Una volta poste le pazienti in una condizione di benessere fisico col massaggio e in un setting di accoglienza ed accadimento, inizio un lavoro di counselling usando strumenti semplici come ad esempio la scrittura autobiografica, in modo che possano raccontare parti della loro storia e che si abituino all’uso di uno strumento che può essere autogestito nell’esperienza quotidiana. Abituo le signore a dialogare col proprio dolore e con la propria malattia cronica venendo a patti con essa e contemporaneamente rinforzo le parti vitali che emergono (riemergono spesso i desideri con un lavoro di relazione di cura al di là della sofferenza cronica e della conseguente depressione).

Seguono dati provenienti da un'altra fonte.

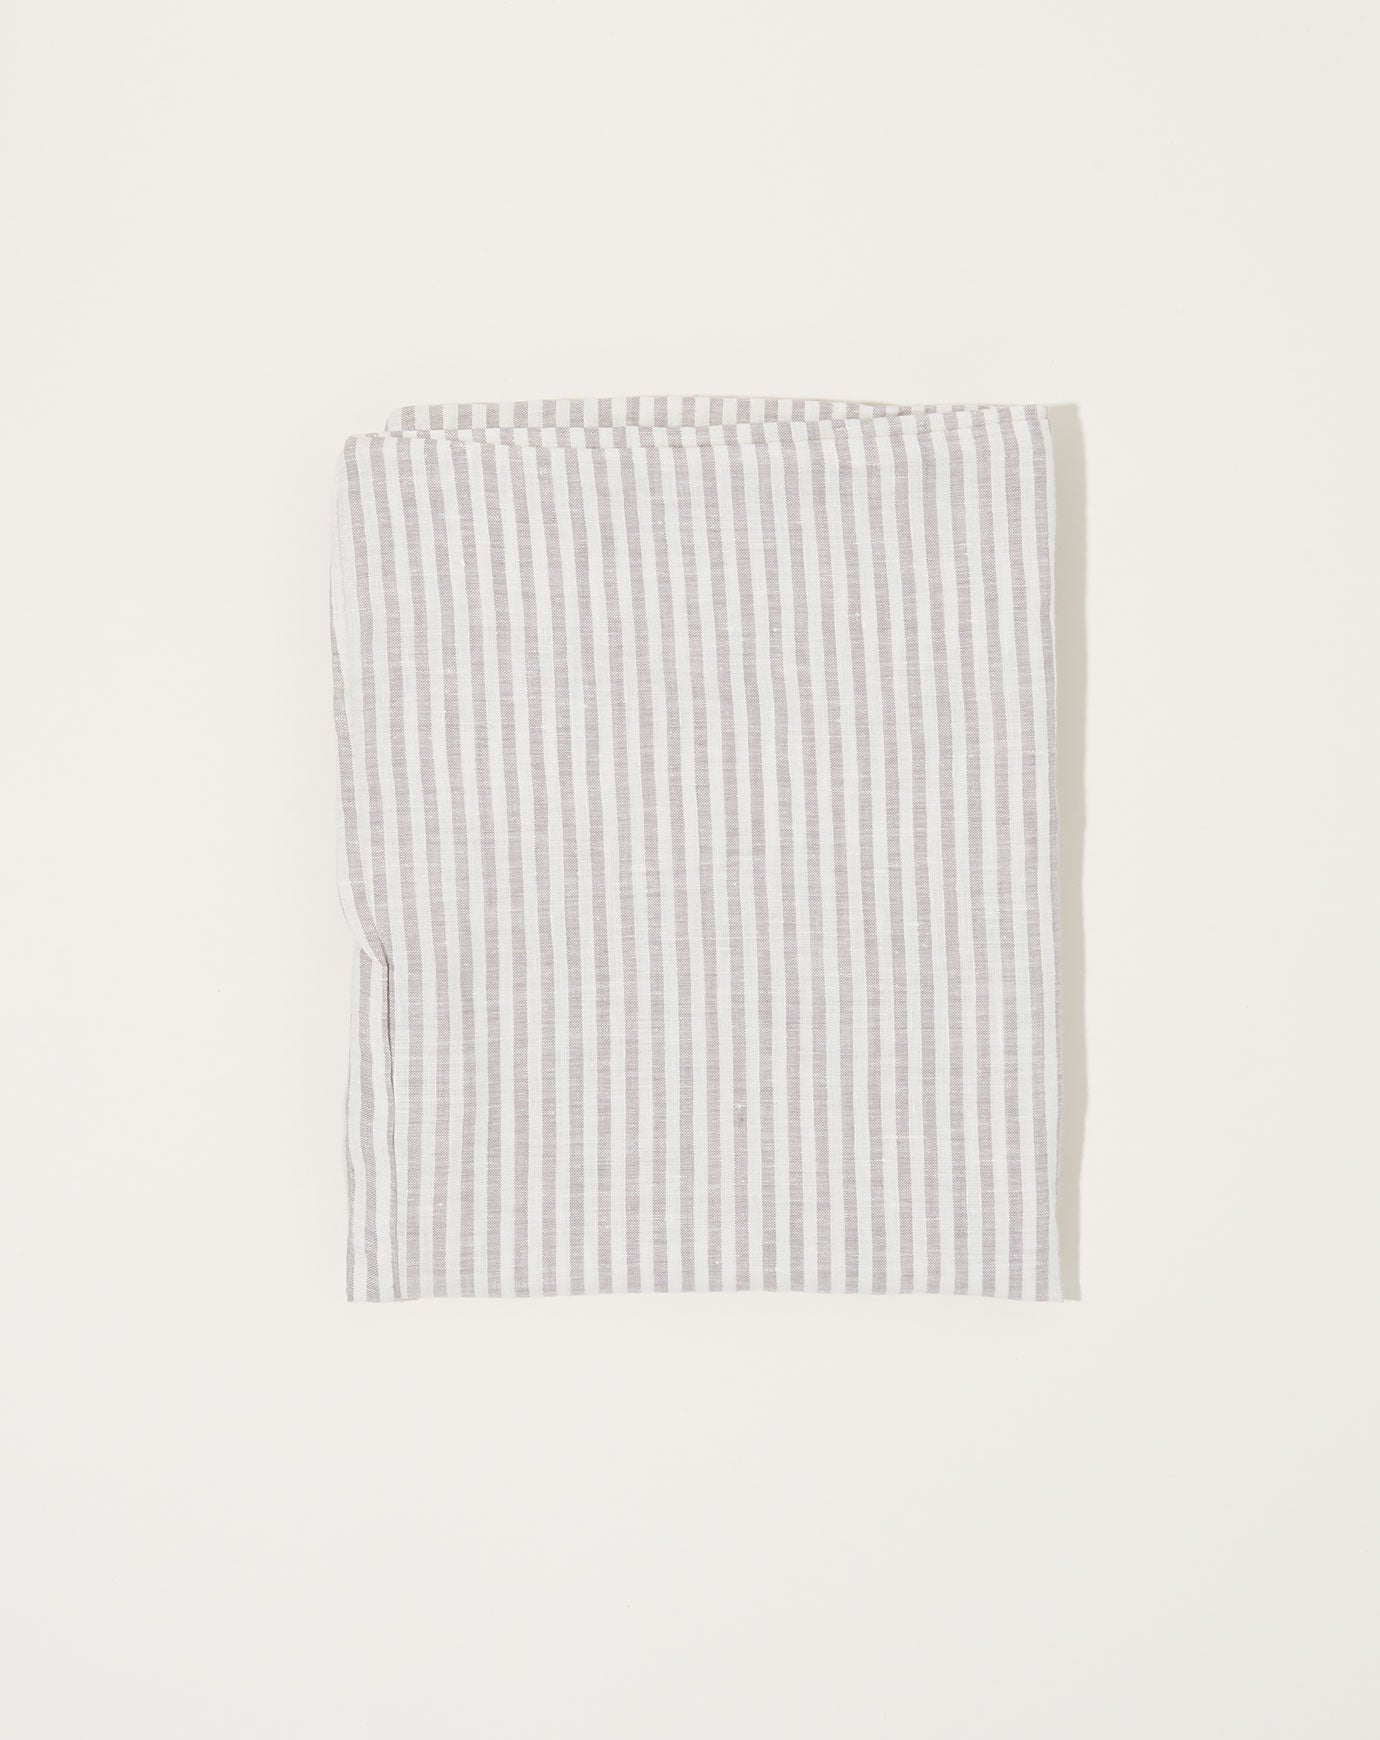 Deiji Studios Pillow Set in Grey Stripe
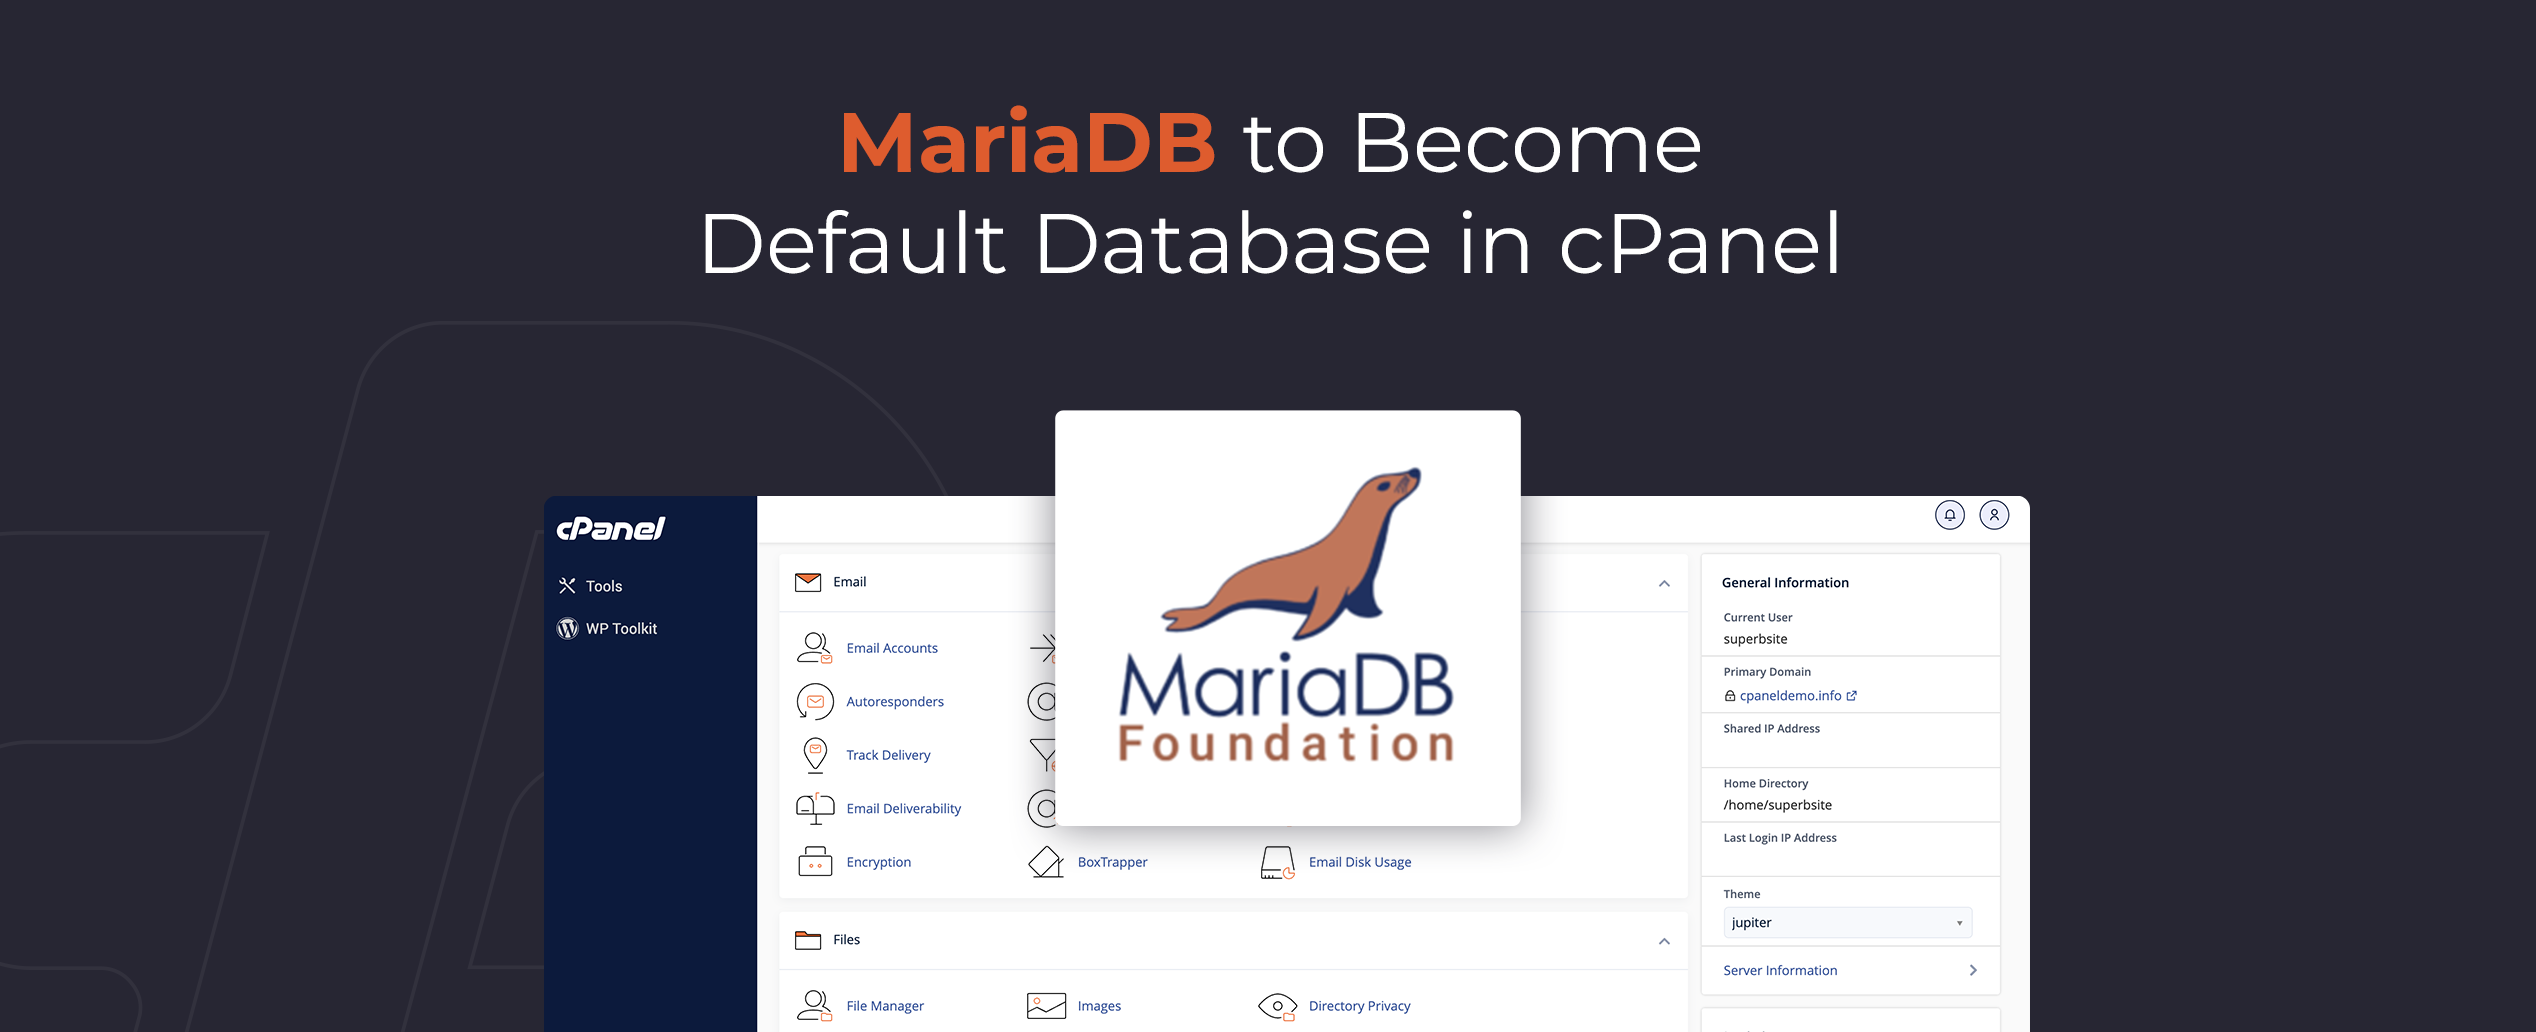 MariaDB default database in cPanel

La sofferenza fisica richiede di essere accolta, lenita ma anche inserita in racconti reali per costruire il senso, divenire riconoscibile, trasformarsi in risorsa. Il paziente non è solo riducibile alla sua malattia, c’è dell’altro: vissuto e rappresentazione che ha della propria malattia, ha bisogno di sentirsi accolto e riconosciuto, ovvero curato nella sua totalità di essere umano.
Gli obiettivi che mi pongo col lavoro relazionale sono quelli di porre le persone in contatto con la propria storia per condurre alla consapevolezza che la loro non è solo storia di malattia, aiutandole a recuperare un prima dell’evento patologico per far riemergere interesse ed investimenti e cogliere cosa possa essere ancora vissuto ed integrato.
In questi anni ho sperimentato anche due lavori di counselling di gruppo con l’uso di tecniche attive (gioco di ruolo, improvvisazione teatrale, disegno collage, ecc., cioè tecniche incentrate sull’azione che tendono a dare visibilità alle dimensioni del mondo interiore della persona) e tecniche psicodrammatiche: inversione di ruolo, doppio, specchio, sedia vuota, soliloquio, sospensione della risposta. La sofferenza raccontata, condivisa, messa in forma con l’uso di tecniche artistiche ha trovato altri sensi, altri significati e altri modi di essere vissuta. L’esperienza dei gruppi ha fatto emergere anche problematiche più complesse e ha aperto la strada al ricorso a interventi di psicoterapia per alcune persone partecipanti. Ha inoltre reso consapevoli i partecipanti dell’azione terapeutica del gruppo; da questa esperienza è nata la sessione dell’AISF Insubria di Saronno ed il gruppo di auto-aiuto ad essa collegato.
Purtroppo, per ora, il lavoro di gruppo è rimasto a livello di sperimentazione per l’esistenza di troppi intoppi burocratici nell’istituzione per curare una malattia che non è ancora riconosciuta a livello di SSN. Mi auguro che le associazioni non si stanchino di battersi per ottenerne il riconoscimento e che le loro richieste vengano accolte.
I risultati emersi dal lavoro di questi cinque anni sono: la riduzione dell’ansia, il recupero di un sonno ristoratore e la diminuzione del dolore; dal punto di vista psicopedagogico il passaggio dalla condizione iniziale delle pazienti che era ”toglietemi questa malattia” a quella attuale che è ”posso fare qualcosa per stare meglio, pur avendo questa malattia.” E da ultimo la riconferma di un approccio multidisciplinare per la cura della sindrome fibromialgica.